Segment Start: Dataset content

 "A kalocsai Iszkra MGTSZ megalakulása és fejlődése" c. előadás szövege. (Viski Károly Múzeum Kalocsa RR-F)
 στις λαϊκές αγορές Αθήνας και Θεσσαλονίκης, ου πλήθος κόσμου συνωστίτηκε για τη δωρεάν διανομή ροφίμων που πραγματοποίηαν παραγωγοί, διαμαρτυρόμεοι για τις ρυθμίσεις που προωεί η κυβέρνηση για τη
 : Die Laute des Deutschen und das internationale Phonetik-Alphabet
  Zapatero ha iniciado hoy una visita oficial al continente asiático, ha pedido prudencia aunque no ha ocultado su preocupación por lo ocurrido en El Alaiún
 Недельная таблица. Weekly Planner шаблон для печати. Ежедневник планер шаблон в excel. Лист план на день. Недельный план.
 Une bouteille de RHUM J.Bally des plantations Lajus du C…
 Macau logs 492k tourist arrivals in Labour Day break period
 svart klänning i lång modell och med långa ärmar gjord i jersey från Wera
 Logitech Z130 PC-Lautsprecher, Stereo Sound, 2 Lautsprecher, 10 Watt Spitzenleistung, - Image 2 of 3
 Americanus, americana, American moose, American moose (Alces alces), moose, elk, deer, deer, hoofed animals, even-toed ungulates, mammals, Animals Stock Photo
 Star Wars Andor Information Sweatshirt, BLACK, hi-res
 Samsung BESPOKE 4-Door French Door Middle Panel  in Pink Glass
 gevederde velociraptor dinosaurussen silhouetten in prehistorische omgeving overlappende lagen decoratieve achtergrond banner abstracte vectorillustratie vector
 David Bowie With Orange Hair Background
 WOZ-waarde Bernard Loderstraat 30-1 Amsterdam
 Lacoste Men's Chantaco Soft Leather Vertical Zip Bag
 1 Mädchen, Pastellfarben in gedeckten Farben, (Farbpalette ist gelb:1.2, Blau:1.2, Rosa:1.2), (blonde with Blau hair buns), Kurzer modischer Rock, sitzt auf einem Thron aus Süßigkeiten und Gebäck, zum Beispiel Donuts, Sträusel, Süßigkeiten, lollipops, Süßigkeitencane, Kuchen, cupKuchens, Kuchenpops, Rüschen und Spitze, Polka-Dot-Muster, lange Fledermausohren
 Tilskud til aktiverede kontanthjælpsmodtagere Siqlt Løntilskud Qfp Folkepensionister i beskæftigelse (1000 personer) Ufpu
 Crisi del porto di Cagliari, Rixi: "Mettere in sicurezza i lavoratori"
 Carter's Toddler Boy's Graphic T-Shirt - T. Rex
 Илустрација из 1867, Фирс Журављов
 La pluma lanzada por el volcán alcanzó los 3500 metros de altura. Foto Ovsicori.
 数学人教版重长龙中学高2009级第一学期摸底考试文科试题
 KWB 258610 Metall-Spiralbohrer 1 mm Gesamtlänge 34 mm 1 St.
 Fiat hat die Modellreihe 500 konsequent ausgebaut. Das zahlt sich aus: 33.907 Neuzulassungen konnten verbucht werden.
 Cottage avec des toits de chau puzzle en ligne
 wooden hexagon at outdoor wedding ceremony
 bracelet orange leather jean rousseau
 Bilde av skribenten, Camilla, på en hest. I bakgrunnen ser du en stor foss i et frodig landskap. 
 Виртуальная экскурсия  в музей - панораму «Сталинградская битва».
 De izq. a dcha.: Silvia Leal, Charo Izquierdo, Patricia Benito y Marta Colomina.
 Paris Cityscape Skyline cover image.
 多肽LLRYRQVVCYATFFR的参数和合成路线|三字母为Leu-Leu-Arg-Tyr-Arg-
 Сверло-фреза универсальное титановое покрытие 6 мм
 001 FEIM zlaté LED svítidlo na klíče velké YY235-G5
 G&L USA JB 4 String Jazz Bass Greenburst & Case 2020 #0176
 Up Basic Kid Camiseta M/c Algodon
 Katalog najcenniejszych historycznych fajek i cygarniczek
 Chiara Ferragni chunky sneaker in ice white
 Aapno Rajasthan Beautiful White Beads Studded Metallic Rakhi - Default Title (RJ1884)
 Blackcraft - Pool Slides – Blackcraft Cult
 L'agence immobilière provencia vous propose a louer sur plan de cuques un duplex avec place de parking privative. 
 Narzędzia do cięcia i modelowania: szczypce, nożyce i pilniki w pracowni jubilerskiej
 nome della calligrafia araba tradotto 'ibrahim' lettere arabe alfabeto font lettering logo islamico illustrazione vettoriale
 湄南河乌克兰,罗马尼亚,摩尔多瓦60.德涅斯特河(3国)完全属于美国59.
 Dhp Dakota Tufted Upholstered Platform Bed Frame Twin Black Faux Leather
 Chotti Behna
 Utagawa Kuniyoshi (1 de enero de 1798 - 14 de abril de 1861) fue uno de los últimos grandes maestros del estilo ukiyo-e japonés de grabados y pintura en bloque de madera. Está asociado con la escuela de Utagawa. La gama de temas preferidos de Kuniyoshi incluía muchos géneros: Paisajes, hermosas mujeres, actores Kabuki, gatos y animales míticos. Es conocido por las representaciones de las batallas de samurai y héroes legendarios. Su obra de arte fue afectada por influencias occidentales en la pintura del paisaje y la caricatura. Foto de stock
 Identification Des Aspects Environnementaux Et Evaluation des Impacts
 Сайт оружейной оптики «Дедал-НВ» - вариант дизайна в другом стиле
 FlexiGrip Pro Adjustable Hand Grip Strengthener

Segment End: Dataset content

When a line in the data contains "avec", return it as written.

**Exercise answer:**
 Cottage avec des toits de chau puzzle en ligne
 L'agence immobilière provencia vous propose a louer sur plan de cuques un duplex avec place de parking privative. 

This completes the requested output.